Una rigida proibizione di correggere un desiderio (“orientamento”) che si
presume degno e apprezzabile, e che oltretutto dovrebbe esser in ipotesi ben
accolto dalle comunità religiose (parrocchie, seminari, etc.), sarebbe
evidentemente assurda. Anche la seguente affermazione testimonia la natura
torbida del pensiero soggiacente alla Relazione: “[è necessaria] una seria
riflessione su come identificare [...] approcci per la crescita affettiva [di
persone con questa tendenza] [...] e per la loro maturazione nel Vangelo, integrando
il lato sessuale [...]” (par. 51).
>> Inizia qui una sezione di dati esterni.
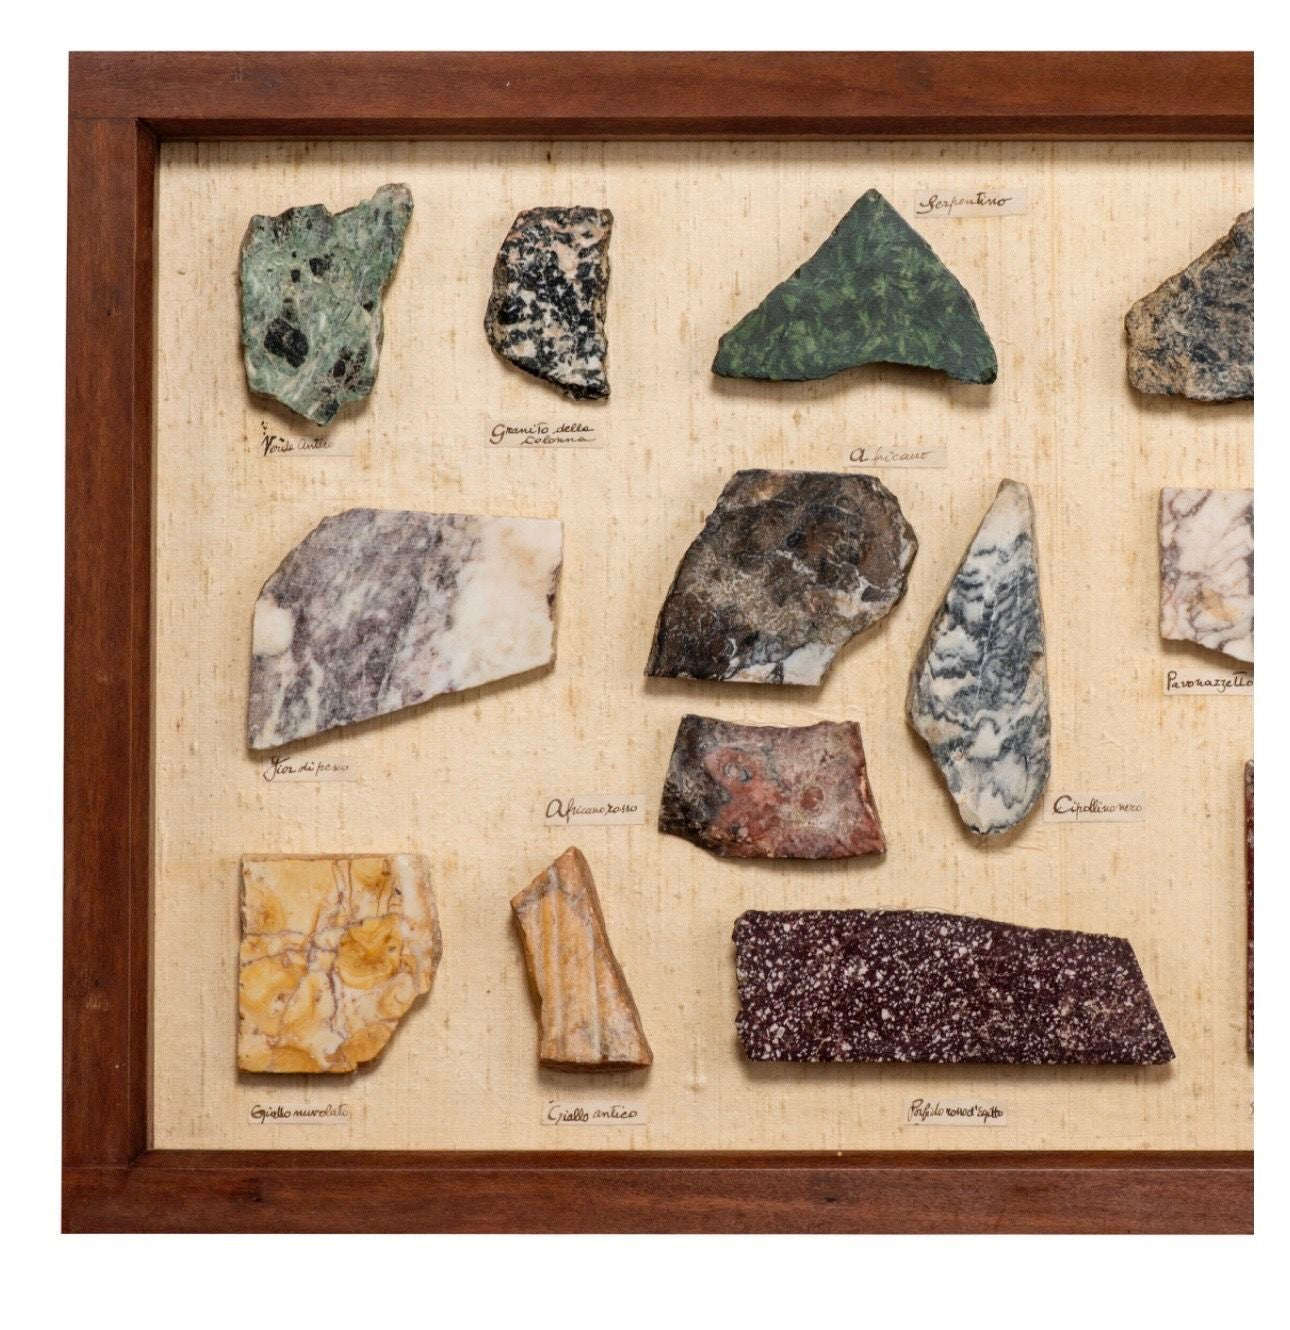 Grand Tour Framed Porphyry and Marble Specimens, 19th Century

L’“integrazione del lato sessuale” è
espressione che significa questo, in genere: “farne un componente di”. Nel
nostro caso ciò significherebbe “farne un componente della maturazione nel
Vangelo”!
È superfluo ricordare
che il cammino verso la santità – come anche, più semplicemente, quello verso
la maturazione affettiva – richiede di combattere contro qualsiasi tendenza
omosessuale. Render partecipi il comportamento, il sentimento o l’“amore”
omosessuale alla battaglia per la santità è nient’altro che un’invenzione
gnostica. Piuttosto, sarebbe stato opportuno scrivere il contrario: sono in
particolar modo le persone che soffrono le tentazioni della carne a dover
essere incoraggiate ad esercitare la virtù della castità [la battaglia è quindi
contro di loro]. Si sarebbe allora dovuta pronunciare qualche parola d’elogio
nei confronti dell’organizzazione cattolicaCourage e di tutti
quelli che si sforzano di vivere in armonia con l’autentica dottrina morale
cattolica. Dichiarare nella Relazione che “la dottrina cattolica sulla famiglia
e sul matrimonio” non dev’essere compromessa (par. 50), o che “la Chiesa
afferma che le unioni tra persone dello stesso sesso non possono essere
considerate sullo stesso livello del matrimonio tra l’uomo e la donna” (par.
51) può suonare come un linguaggio pio, ma non lo è affatto: è anzi
scandaloso che gli autori osino insinuare che il Corpo Mistico di Cristo sia
aperto a qualsiasi considerazione positiva nei confronti delle relazioni omosessuali
(convivenza gay, “matrimonio” gay). L’attribuzione di uno status superiore al
vero matrimonio non diminuisce questa vergogna. Le dissacranti coppie gay sono
uno scimmiottamento del santo matrimonio, tanto dal punto di vista biologico
che da quello psicologico e morale. È una folie à deux, vale a dire
una patologia psico-spirituale condivisa da due persone. Non esistono relazioni
gay psicologicamente normali, nemmeno nei casi eccezionali in cui esse durino
più di un paio d’anni, nel caso degli uomini, o qualche anno in più, nel caso
delle donne. Tra queste persone la promiscuità è oltre i limiti così come lo
sono le gelosie a livello patologico, i litigi, i conflitti, la violenza
domestica. Ogni analogia col matrimonio esiste solo nella fantasia di quanti
ignorano o vogliono ignorare la realtà.[vi]
Eppure, la Relazione
Provvisoria ribadisce: “Pur senza negare i problemi morali legati alle unioni
omosessuali, esistono casi in cui la reciproca assistenza, che si spinge fino
al livello del sacrificio, è un apprezzabile supporto nella vita di queste
persone” (par. 52). Quindi, anche se un affair o un vincolo
gay non può rivendicare un valore pari a quello del normale matrimonio, esso
sarebbe comunque a volte un’“unione” nobile e un sacrificio di sé [È la tesi
delirante del card. Schönborn]. Non sarebbe questo per caso un argomento sufficiente
per l’approvazione delle relazioni tra persone dello stesso sesso in
determinate circostanze? Ma ciò equivarrebbe a cercare di aprire una
breccia nella norma tollerandone le eccezioni (sotto strette condizioni, dopo
una considerazione attenta, e così via, ovviamente). È ben noto, tuttavia, che
quando si pratica un buco in una diga, prima o poi essa crollerà.
Infine, che pensare
di questa affermazione del par. 52 della Relazione: “[...] la Chiesa presta
un’attenzione speciale ai [...] figli che vivono con coppie dello stesso sesso
e sottolinea che le necessità e i diritti dei piccoli devono avere sempre la priorità”?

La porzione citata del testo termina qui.